Blok-blok kontinen bertambah pada Kapur Awal hinga awal Kapur Akhir membentuk Kalimantan, Sulawesi Barat, dan Jawa. Fragmen tersebut telah terpisah dari Australia pada Jurasik Akhir dan berkahir dengan subduksi di sekitar semenanjung Asia Tenggara pada 90 Ma serta terbentuk busur dalam samudera (intra-oceanic arcs) Woyla di Sumatera.

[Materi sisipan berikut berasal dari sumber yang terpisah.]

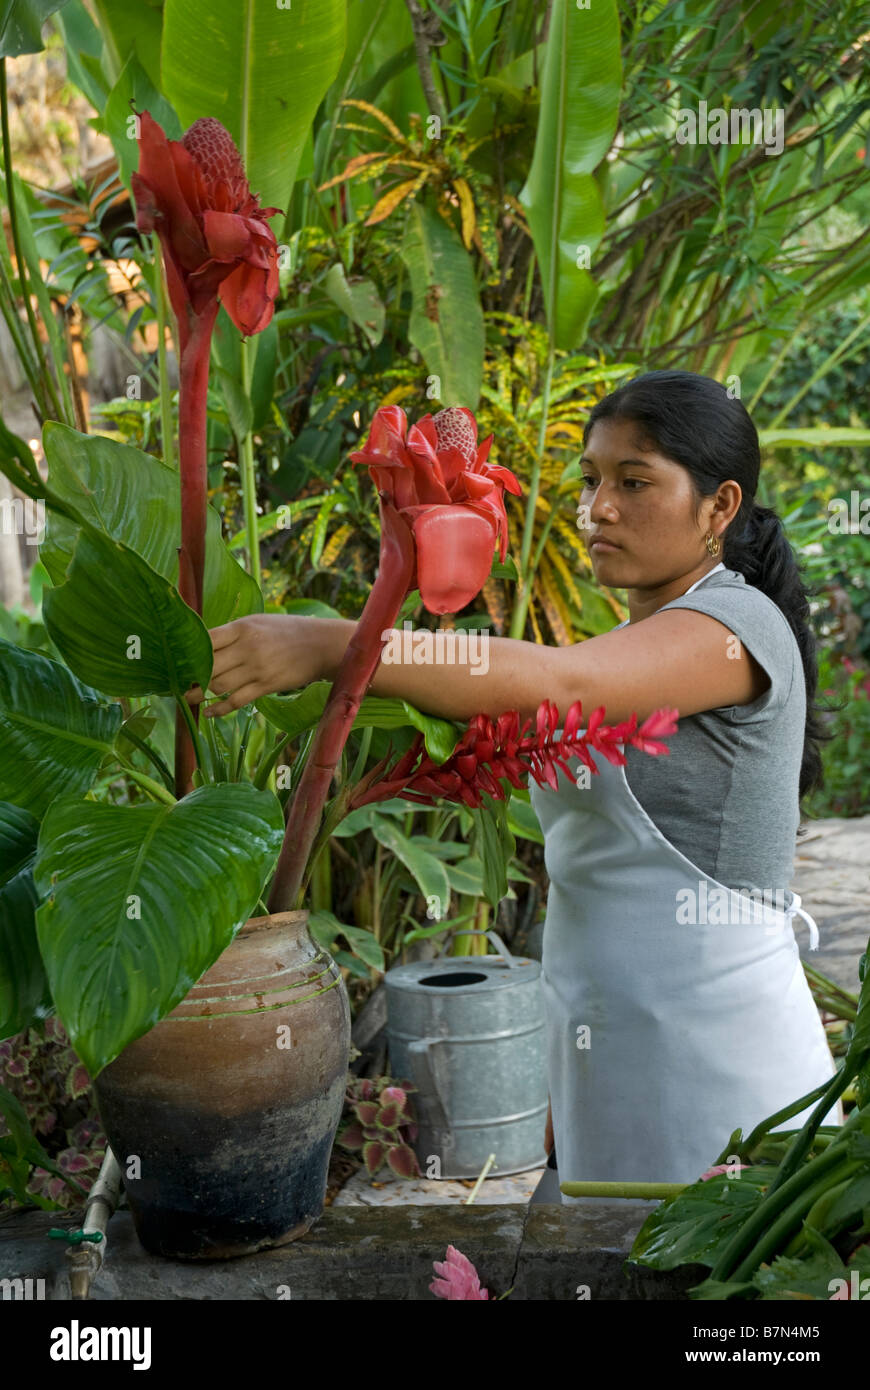 Honduras, Copan, Hacienda San Lucas. Arranging flowers at the Hacienda San Lucas - Stock Image

Clements et al (2011) dalam Hall (2013), mengatakan bahwa akhir subduksi tersebut berkontribusi terhadap naiknya Sundaland secara luas, ditandai dengan ketidakselarasan regional. Batuan di bawah ketidakselarasan merupakan batuan berumur Kapur atau lebih tua, ditumpangi oleh batuan berumur Eosen atau lebih muda. Hal ini mendukung, bahwasannya Sundaland merupakan dataran yang muncul ke permukaan dan pegunungan, didukung dengan adanya polen konifer Laurasian di batupasir Sarawak dari Akhir Kapur hingga Eosen Tengah. Di akhir Kapur, subduksi lanjut dibawah Sulawesi Barat dan menerus selama Paleosen.
Kenozoik: Paleogen
Fenomena geologi yang berpengaruh pada zaman ini yaitu kolisi antara India dan Asia serta dimulainya kembali subduksi di Sundaland sekitar 45 Ma. Menurut Hall (2013), subduksi yang terjadi dibawah Sumatera, Jawa, dan Kalimantan berhenti sekitar 90 Ma dan lanjut kemudian sekitar 45 Ma sebagaimana Australia dan Antartika berpisah serta Australia bergerak kearah utara dengan cepat. Hal ini dibuktikan dengan hampir tidak adanya batuan beku yang berhubungan dengan zona subduksi pada zaman antara 90 Ma sampai dengan 45 Ma. Inisiasi subduksi berasosiasi dengan perubahan di daratan yang luas dan pemekaran di batas Sundaland sehingga mengakibatkan kebanyakan wilayah Sundaland memiliki topografi rendah. Sungai yang memberikan suplai sedimen ke batas Sundaland yaitu Sumatera, Jawa, Kalimantan Tenggara, dan Sarawak, mengindikasikan masih adanya bagian interior Sundaland yang masih memiliki topografi tinggi termasuk Semenanjung Malaya dan Pegunungan Schwaner di Kalimantan Baratdaya (Gambar 1). Topografi saat itu bervariasi dengan permukaan laut yang fluktuatif, tetapi dari Eosen hingga Miosen Akhir sebagian besar Sundaland bagian barat adalah terrestrial dengan pengendapan di cekungan sedimen didominasi oleh fluviatil dengan banyak danau air tawar.
Gambar 1.
Paleogeografi 60 Ma-Paleosen (Hall, 2013)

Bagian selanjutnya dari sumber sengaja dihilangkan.